++++ SUPPLIED ENTRIES
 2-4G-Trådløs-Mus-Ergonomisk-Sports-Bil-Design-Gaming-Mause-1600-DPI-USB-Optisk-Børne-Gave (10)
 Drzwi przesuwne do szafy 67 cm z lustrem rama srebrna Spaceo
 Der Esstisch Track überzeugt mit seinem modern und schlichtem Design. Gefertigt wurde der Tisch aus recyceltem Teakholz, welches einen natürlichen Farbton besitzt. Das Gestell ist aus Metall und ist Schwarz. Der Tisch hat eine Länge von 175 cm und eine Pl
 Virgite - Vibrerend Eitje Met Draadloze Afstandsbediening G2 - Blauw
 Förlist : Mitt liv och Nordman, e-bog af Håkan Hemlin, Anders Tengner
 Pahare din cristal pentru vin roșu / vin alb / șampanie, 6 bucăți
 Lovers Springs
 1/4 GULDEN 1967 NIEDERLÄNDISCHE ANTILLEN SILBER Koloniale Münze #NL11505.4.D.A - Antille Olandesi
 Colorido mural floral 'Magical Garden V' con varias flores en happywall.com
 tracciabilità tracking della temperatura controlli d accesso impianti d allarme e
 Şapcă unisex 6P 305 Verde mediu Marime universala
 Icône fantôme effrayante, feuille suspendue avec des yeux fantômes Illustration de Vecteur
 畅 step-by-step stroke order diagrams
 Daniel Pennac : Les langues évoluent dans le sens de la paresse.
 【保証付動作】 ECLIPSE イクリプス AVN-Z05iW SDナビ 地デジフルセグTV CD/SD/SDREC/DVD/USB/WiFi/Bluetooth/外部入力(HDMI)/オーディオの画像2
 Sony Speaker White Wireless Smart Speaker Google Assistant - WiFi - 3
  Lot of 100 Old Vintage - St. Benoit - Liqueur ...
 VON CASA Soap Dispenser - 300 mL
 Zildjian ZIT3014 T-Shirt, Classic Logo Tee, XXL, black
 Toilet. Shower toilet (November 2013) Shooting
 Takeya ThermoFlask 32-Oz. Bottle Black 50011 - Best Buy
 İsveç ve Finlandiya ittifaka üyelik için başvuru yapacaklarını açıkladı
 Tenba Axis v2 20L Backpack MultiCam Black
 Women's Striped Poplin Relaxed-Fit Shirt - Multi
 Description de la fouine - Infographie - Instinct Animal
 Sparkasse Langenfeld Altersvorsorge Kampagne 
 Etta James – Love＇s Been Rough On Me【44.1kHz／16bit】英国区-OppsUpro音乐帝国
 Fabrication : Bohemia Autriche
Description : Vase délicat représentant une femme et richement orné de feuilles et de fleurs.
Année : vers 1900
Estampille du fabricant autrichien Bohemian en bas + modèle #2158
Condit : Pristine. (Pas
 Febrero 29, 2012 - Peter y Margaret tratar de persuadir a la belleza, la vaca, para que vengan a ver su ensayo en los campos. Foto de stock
++++++++
■ ASSIGNED TASK
In the listing above, find the line with "Förlist : Mitt" and the line with "Colorido mural floral", then print exactly those lines and every line between them.

■ SOLUTION FOR THIS EXERCISE
 Förlist : Mitt liv och Nordman, e-bog af Håkan Hemlin, Anders Tengner
 Pahare din cristal pentru vin roșu / vin alb / șampanie, 6 bucăți
 Lovers Springs
 1/4 GULDEN 1967 NIEDERLÄNDISCHE ANTILLEN SILBER Koloniale Münze #NL11505.4.D.A - Antille Olandesi
 Colorido mural floral 'Magical Garden V' con varias flores en happywall.com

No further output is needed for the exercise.